** Opening Provided information block **
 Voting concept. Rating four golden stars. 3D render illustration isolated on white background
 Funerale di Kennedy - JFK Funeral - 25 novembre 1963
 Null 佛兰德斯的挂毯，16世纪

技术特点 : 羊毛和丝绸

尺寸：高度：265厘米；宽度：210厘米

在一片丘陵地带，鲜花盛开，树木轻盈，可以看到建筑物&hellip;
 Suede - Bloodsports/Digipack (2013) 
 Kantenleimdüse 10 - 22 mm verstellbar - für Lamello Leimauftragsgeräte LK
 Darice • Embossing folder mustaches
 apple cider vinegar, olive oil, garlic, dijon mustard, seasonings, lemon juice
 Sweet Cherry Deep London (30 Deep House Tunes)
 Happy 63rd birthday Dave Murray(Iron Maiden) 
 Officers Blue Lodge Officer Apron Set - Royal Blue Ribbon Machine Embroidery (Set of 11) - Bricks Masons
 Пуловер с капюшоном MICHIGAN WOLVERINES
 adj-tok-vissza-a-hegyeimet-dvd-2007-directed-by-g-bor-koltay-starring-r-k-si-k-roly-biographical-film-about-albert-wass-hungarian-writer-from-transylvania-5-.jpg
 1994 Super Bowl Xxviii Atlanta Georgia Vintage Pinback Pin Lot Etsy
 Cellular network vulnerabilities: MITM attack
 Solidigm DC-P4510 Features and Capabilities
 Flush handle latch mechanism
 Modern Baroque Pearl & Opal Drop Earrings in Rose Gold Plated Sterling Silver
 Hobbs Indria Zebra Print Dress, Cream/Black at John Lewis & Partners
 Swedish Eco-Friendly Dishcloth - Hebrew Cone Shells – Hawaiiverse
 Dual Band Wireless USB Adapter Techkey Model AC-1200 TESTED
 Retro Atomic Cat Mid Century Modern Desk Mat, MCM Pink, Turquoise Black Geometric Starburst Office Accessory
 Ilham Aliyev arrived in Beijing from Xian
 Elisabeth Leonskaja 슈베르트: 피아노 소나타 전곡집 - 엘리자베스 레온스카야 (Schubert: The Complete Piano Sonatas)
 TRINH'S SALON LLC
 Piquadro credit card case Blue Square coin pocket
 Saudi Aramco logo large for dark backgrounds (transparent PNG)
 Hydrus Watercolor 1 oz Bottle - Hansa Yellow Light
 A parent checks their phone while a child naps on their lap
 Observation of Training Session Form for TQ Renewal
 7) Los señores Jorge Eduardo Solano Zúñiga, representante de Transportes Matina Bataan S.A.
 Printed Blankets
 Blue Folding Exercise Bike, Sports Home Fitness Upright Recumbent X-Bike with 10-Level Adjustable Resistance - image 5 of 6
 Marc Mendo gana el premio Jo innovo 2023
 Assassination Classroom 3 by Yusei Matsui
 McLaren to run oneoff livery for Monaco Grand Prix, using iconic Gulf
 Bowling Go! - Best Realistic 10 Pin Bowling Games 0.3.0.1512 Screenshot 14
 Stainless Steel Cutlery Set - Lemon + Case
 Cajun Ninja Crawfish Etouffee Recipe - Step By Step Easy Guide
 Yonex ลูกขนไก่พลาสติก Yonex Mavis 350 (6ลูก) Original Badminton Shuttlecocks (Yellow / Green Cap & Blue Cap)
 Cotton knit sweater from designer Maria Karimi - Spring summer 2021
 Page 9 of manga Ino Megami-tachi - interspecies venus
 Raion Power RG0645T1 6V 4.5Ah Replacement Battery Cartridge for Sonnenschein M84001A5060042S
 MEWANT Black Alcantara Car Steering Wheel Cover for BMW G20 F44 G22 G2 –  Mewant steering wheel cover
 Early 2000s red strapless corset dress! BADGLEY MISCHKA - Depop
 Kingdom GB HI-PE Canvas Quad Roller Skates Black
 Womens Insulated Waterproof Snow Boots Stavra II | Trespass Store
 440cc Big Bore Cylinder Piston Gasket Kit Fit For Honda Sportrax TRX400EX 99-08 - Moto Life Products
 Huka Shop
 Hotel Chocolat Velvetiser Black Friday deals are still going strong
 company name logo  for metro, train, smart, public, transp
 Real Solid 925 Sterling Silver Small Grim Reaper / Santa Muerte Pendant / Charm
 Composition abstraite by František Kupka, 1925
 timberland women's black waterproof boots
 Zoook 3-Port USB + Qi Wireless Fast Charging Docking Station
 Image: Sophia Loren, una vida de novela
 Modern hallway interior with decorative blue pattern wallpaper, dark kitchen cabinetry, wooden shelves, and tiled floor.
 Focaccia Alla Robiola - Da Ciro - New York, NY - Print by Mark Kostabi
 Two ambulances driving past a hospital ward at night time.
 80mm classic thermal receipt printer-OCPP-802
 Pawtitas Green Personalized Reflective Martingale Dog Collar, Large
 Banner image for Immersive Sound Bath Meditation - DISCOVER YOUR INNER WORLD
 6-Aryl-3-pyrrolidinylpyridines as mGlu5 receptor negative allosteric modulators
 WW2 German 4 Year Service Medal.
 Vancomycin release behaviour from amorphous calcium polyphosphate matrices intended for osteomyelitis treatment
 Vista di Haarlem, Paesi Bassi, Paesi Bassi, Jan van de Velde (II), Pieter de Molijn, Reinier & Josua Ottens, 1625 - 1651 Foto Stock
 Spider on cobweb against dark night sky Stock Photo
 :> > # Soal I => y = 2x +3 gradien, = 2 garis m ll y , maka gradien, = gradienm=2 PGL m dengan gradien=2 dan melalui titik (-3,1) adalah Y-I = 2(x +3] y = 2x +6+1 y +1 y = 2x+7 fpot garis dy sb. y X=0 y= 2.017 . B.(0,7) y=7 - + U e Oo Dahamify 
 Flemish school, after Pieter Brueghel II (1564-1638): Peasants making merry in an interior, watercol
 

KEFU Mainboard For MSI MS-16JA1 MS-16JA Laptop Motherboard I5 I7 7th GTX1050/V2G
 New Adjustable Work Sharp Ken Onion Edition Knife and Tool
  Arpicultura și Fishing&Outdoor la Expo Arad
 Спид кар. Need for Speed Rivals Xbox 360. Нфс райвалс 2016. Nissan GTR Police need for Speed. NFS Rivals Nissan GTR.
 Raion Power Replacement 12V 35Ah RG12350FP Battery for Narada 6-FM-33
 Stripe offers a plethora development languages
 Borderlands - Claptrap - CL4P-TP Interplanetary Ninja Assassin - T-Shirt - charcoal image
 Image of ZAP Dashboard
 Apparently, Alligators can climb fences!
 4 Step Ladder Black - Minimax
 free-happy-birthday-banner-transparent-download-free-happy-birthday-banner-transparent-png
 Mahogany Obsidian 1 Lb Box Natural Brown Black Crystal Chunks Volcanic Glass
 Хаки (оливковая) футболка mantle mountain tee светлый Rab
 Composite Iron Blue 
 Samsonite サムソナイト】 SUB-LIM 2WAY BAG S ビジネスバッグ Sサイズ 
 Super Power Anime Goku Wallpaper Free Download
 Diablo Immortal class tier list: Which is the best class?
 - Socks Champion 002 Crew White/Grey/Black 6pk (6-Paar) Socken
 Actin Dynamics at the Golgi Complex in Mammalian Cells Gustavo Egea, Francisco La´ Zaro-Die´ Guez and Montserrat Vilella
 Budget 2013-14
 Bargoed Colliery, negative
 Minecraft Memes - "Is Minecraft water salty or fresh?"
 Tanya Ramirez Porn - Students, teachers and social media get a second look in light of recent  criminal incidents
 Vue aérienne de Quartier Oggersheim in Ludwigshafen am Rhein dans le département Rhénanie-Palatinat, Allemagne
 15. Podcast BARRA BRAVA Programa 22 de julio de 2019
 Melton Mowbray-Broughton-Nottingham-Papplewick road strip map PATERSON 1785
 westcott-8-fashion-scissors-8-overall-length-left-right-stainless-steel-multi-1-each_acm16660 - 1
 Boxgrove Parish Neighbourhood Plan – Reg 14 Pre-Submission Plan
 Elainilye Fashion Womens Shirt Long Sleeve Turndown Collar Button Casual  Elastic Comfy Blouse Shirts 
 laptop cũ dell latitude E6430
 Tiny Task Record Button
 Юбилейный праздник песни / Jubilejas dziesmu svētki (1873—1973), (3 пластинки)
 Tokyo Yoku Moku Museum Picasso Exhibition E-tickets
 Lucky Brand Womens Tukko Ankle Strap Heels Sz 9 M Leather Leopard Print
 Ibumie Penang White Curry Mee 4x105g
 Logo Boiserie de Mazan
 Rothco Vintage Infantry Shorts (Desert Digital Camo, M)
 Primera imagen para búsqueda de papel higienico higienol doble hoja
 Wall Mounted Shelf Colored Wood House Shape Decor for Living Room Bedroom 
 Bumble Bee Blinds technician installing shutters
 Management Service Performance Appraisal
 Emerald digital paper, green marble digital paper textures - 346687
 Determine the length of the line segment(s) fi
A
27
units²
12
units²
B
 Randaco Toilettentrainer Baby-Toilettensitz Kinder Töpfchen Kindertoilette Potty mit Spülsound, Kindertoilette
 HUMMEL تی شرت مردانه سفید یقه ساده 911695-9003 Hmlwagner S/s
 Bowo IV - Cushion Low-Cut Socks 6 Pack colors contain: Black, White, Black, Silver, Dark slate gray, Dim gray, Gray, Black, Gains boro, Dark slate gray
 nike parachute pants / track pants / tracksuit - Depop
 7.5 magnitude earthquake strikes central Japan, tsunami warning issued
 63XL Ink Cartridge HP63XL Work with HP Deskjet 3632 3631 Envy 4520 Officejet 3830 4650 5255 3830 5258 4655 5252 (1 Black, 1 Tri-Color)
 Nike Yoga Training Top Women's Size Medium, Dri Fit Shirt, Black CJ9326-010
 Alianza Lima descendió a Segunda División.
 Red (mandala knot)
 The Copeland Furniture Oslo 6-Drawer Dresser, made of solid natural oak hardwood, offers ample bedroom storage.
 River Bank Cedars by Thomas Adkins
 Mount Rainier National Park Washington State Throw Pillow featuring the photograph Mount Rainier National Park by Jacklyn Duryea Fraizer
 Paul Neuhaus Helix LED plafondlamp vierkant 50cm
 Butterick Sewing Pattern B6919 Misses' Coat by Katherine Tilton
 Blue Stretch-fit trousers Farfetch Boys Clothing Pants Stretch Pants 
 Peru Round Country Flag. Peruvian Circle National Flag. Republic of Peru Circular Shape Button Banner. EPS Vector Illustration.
** Closing Provided information block **
Task objective — Copy out, from the listing above, every line that contains the word "Wireless".

The answer —
 Dual Band Wireless USB Adapter Techkey Model AC-1200 TESTED
 Zoook 3-Port USB + Qi Wireless Fast Charging Docking Station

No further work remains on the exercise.